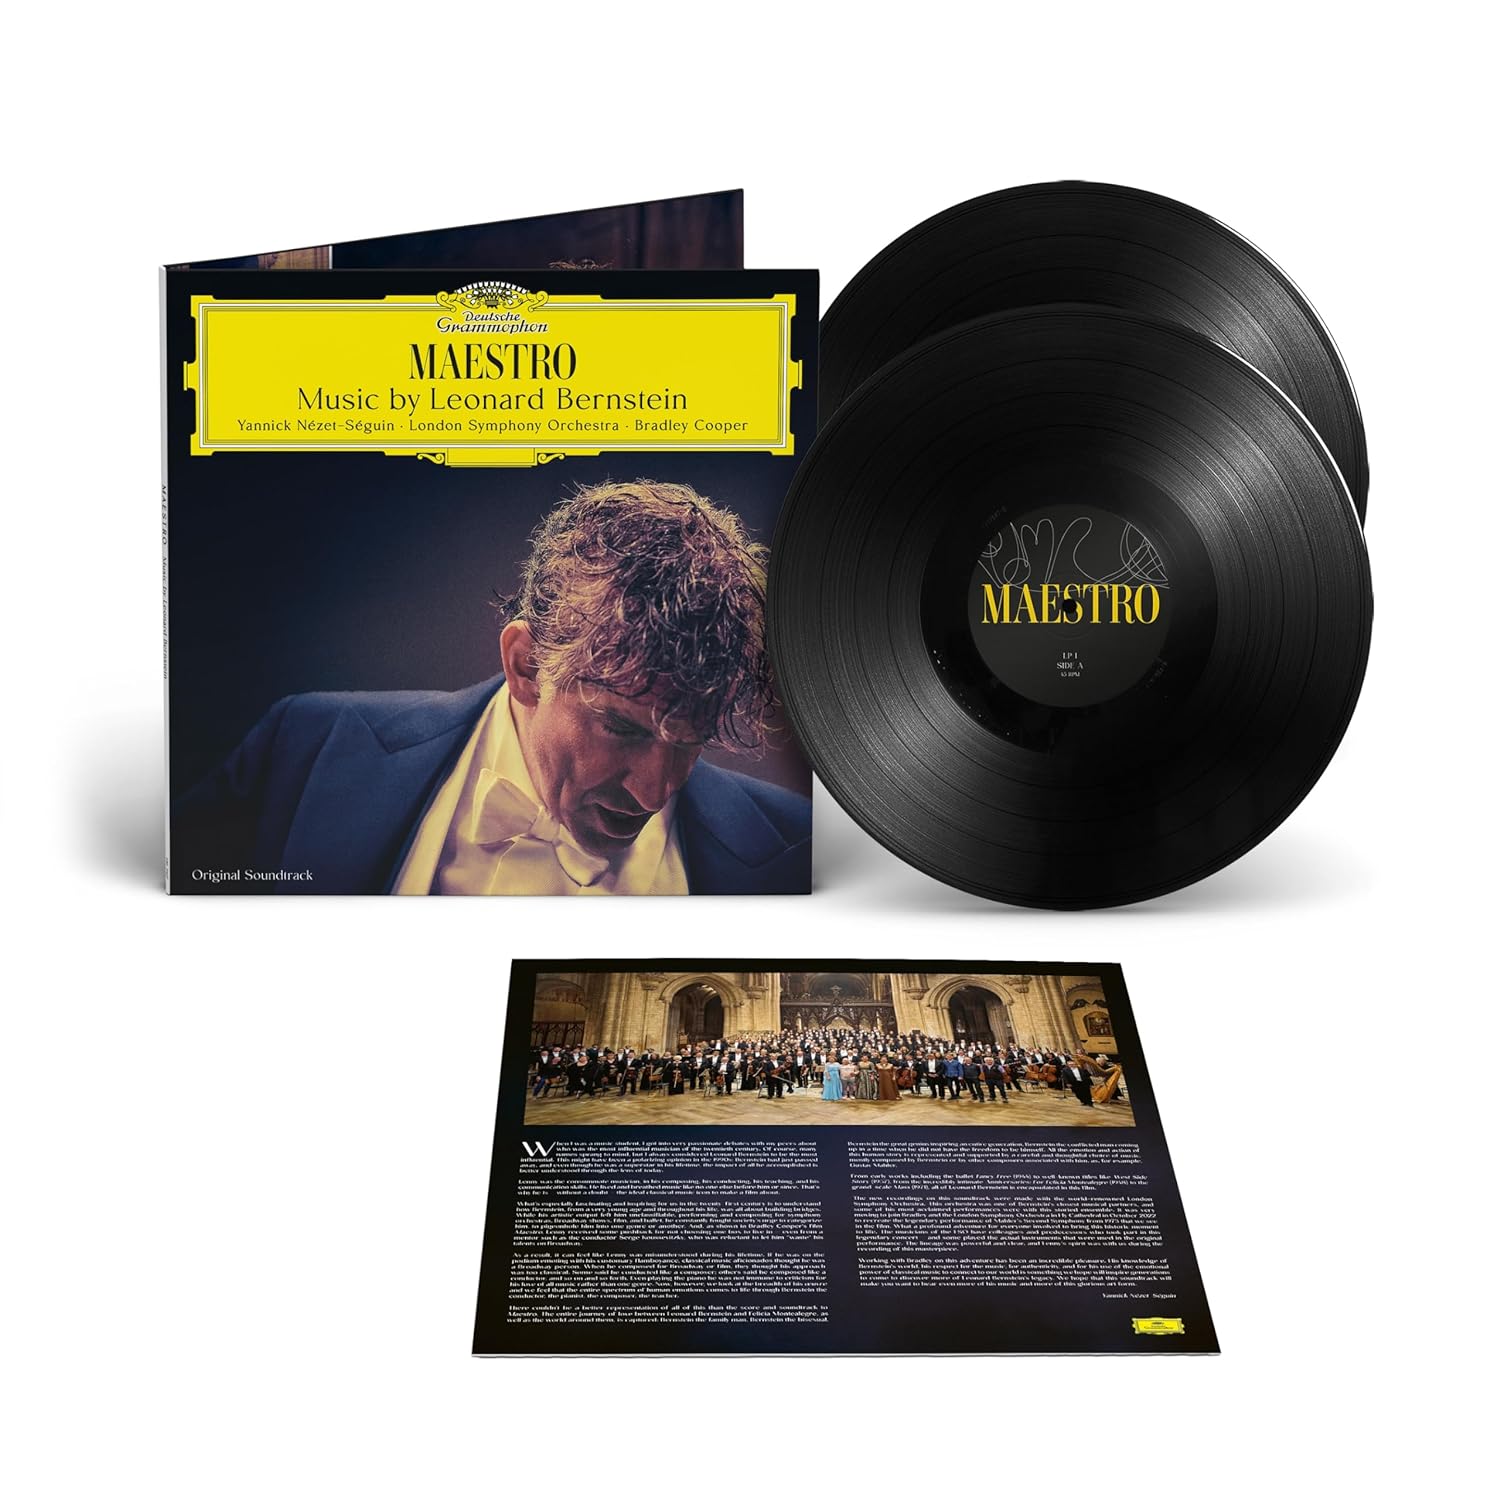 Yannick Nézet-Séguin / London Symphony Orchestra / Bradley Cooper - Maestro: Music By Leonard Bernstein
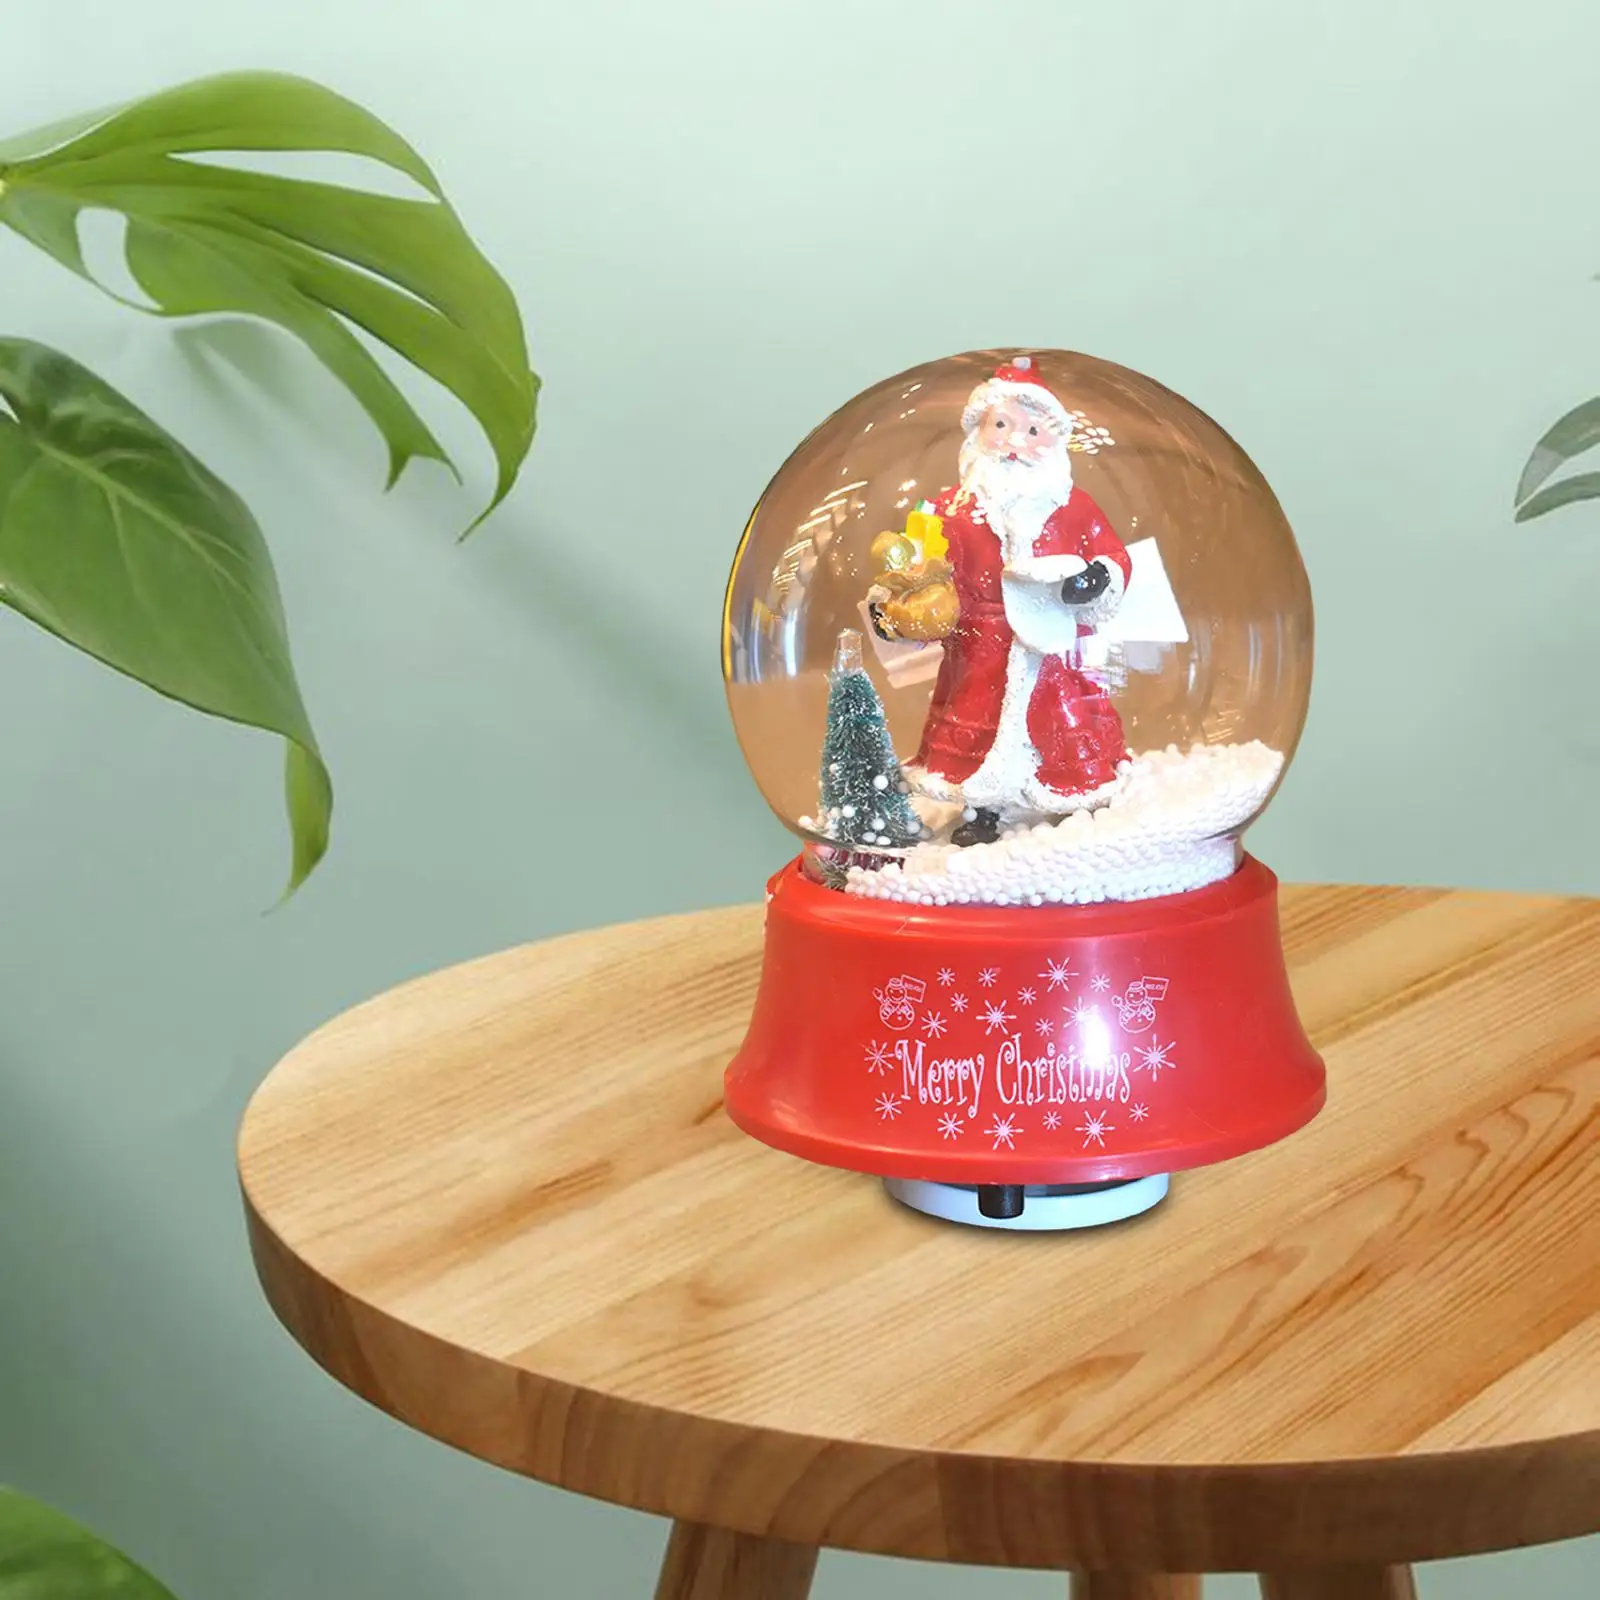 Christmas Snow  Figurine Christmas Decoration Music Box Ornaments with Music and Light Musical Snow  Rotating
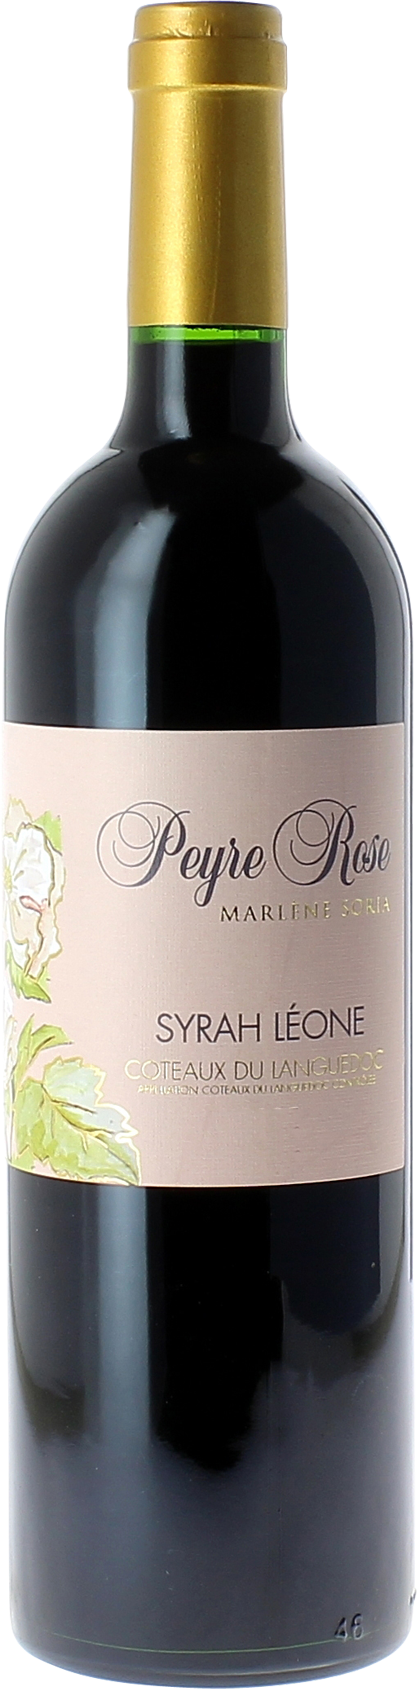 Peyre Rose Syrah Leone 2006

▶ Goal of the exercise: Reproduce the material word for word. Any pictures should be left out of the copy.

▶ Answer box:
 Yannick Nézet-Séguin / London Symphony Orchestra / Bradley Cooper - Maestro: Music By Leonard Bernstein
 Christmas Snow  Figurine Christmas Decoration Music Box Ornaments with Music and Light Musical Snow  Rotating
 Peyre Rose Syrah Leone 2006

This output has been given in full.